Activity: Look through the listing below and write out exactly the lines from the line with "XS534 Wholesale Sports Sunglasses" to the line with "f197d92a3f49 A-Cold-Wall* - Black", both included, and no others.
The data section start
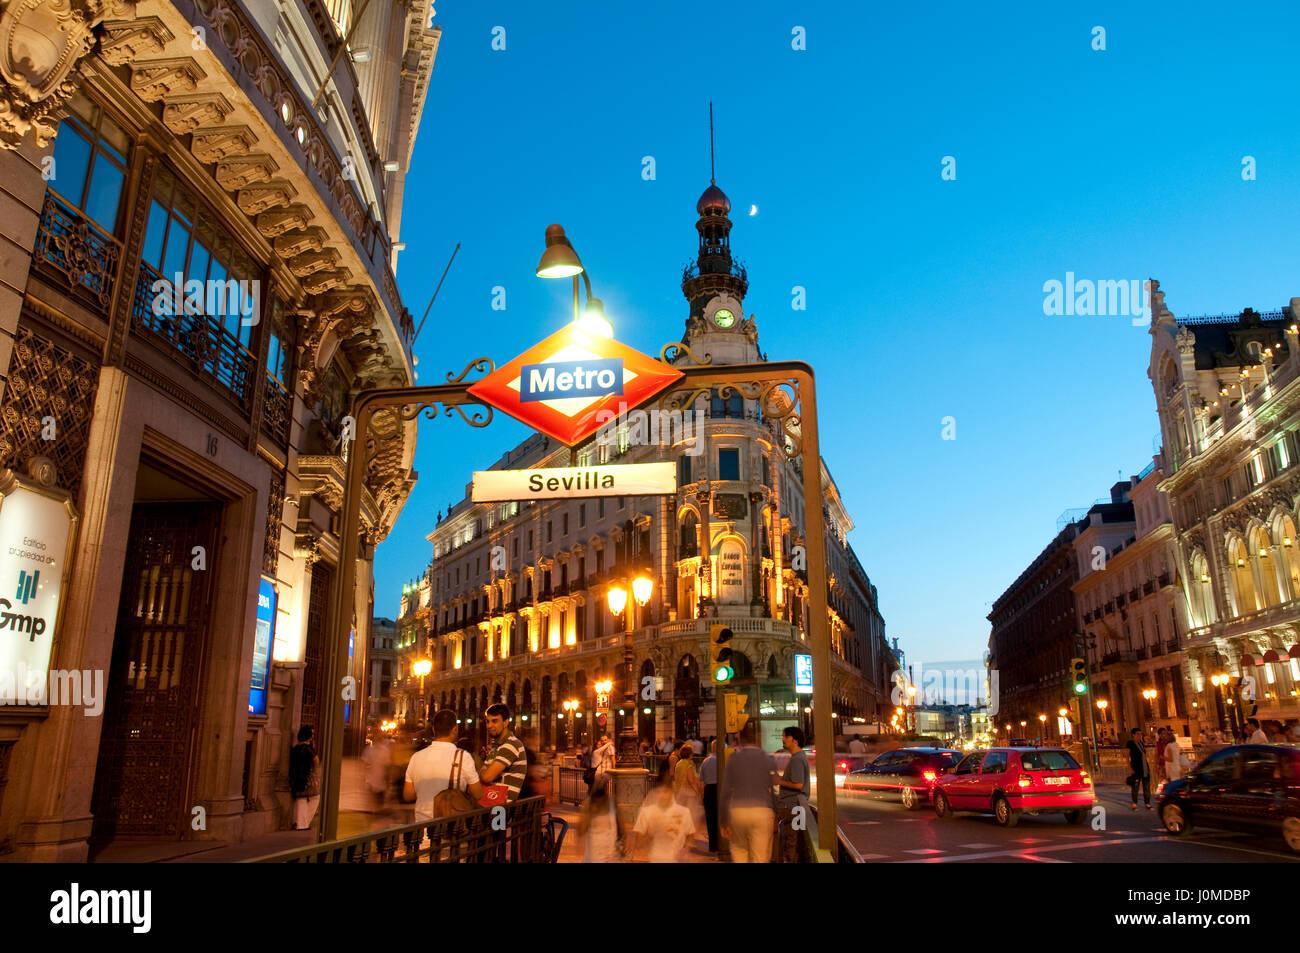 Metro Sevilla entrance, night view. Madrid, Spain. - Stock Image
The data section end
The data section start
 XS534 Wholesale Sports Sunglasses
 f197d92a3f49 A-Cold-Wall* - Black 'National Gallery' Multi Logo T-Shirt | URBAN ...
The data section end
Answer to this task:
 XS534 Wholesale Sports Sunglasses
 f197d92a3f49 A-Cold-Wall* - Black 'National Gallery' Multi Logo T-Shirt | URBAN ...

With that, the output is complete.